Task to carry out: Give the data again exactly as it appears, excluding any pictures.

Collected data:
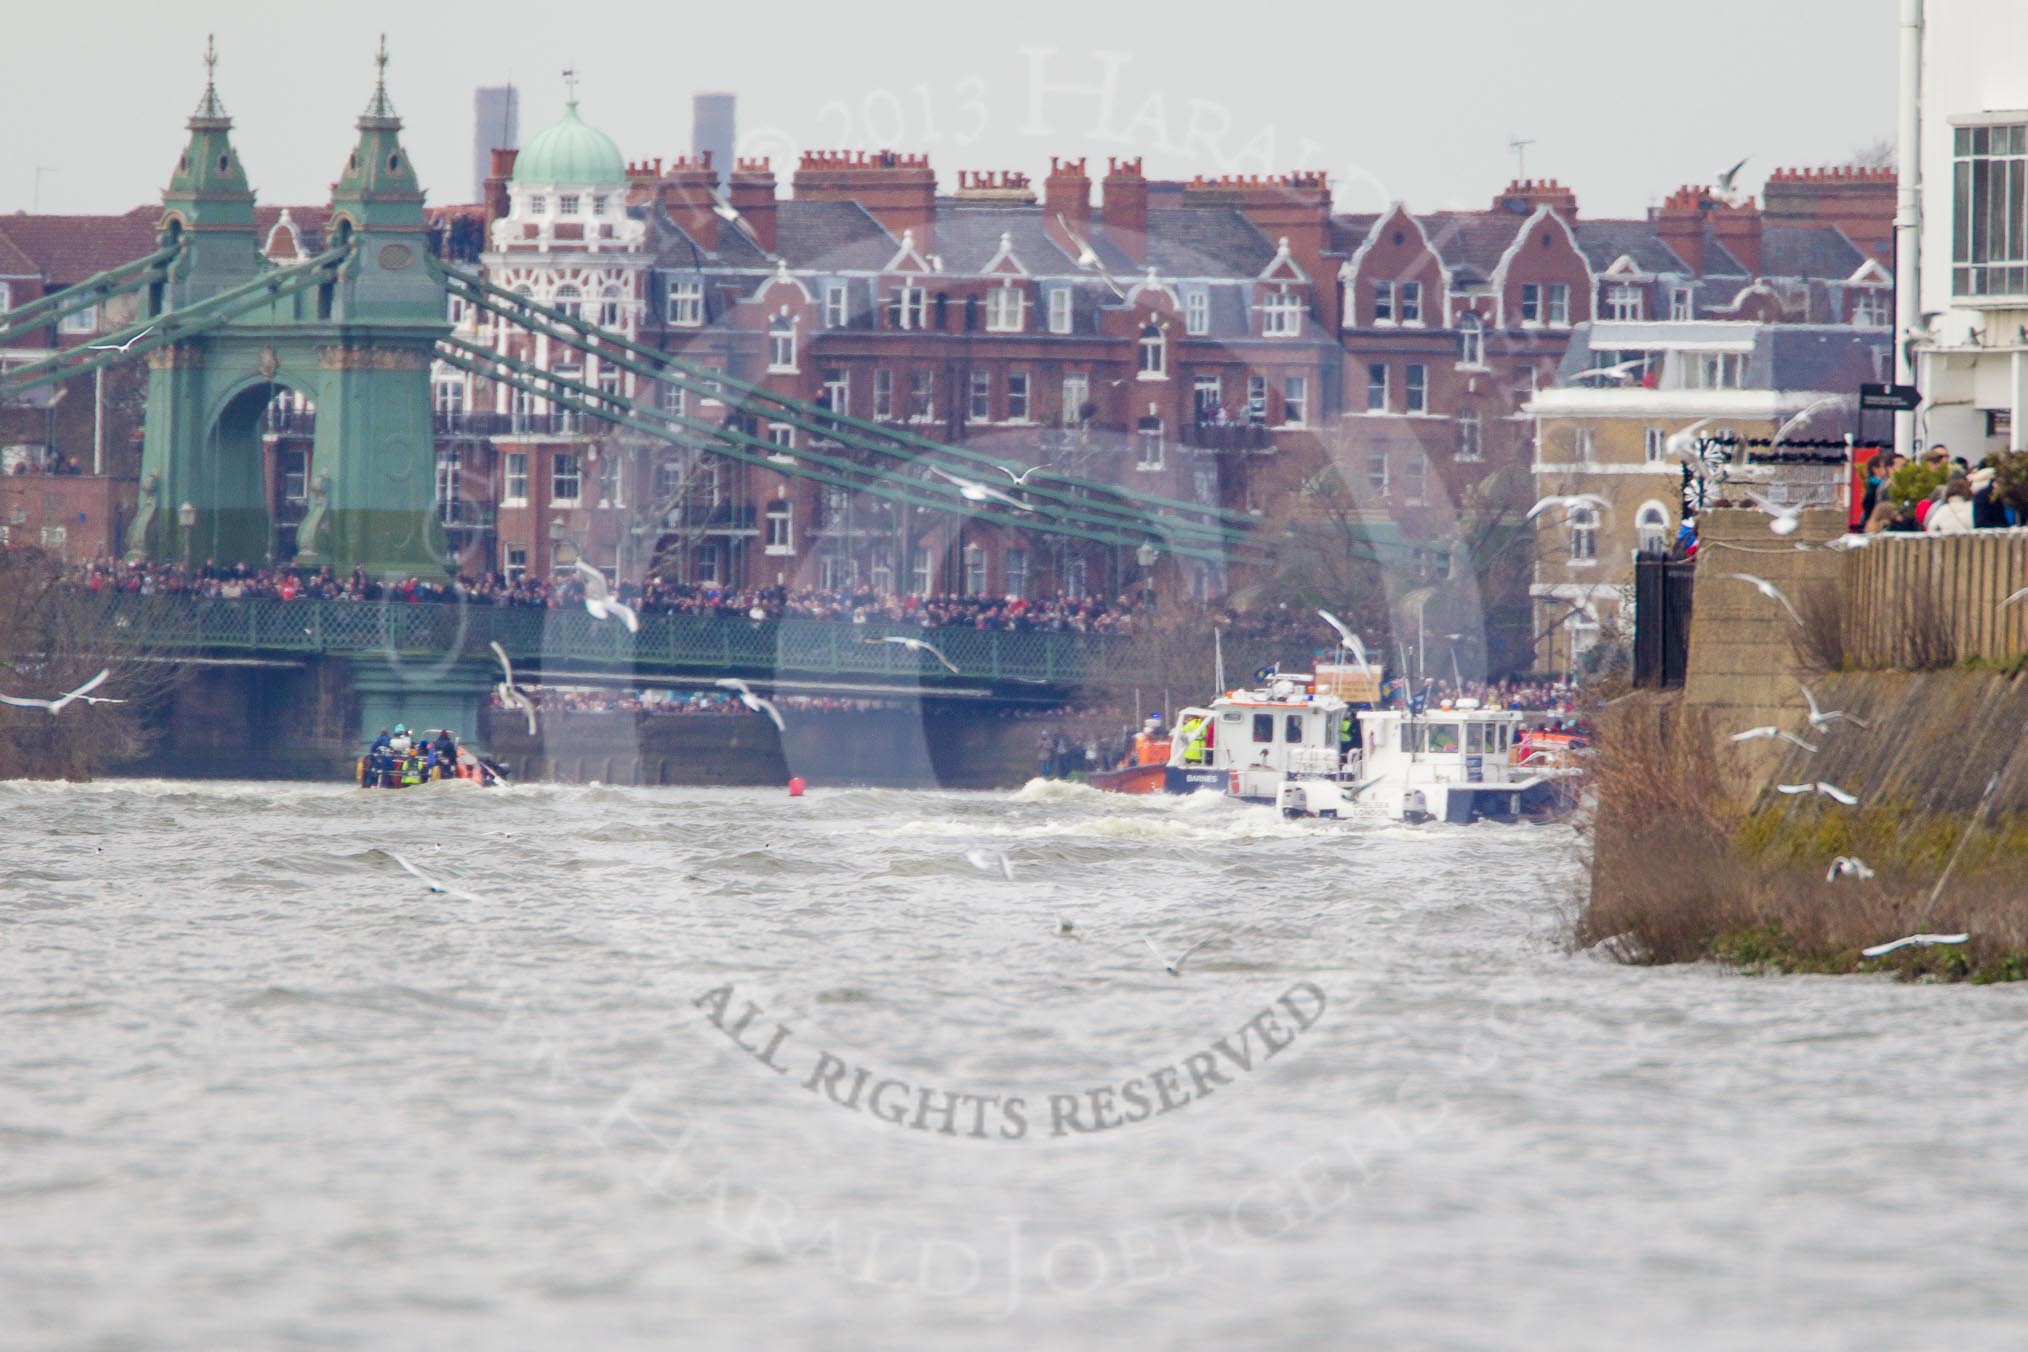 The Boat Race 2013.
Putney,
London SW15,

United Kingdom,
on 31 March 2013 at 16:36, image #341

Answer below:
 The Boat Race 2013.
Putney,
London SW15,

United Kingdom,
on 31 March 2013 at 16:36, image #341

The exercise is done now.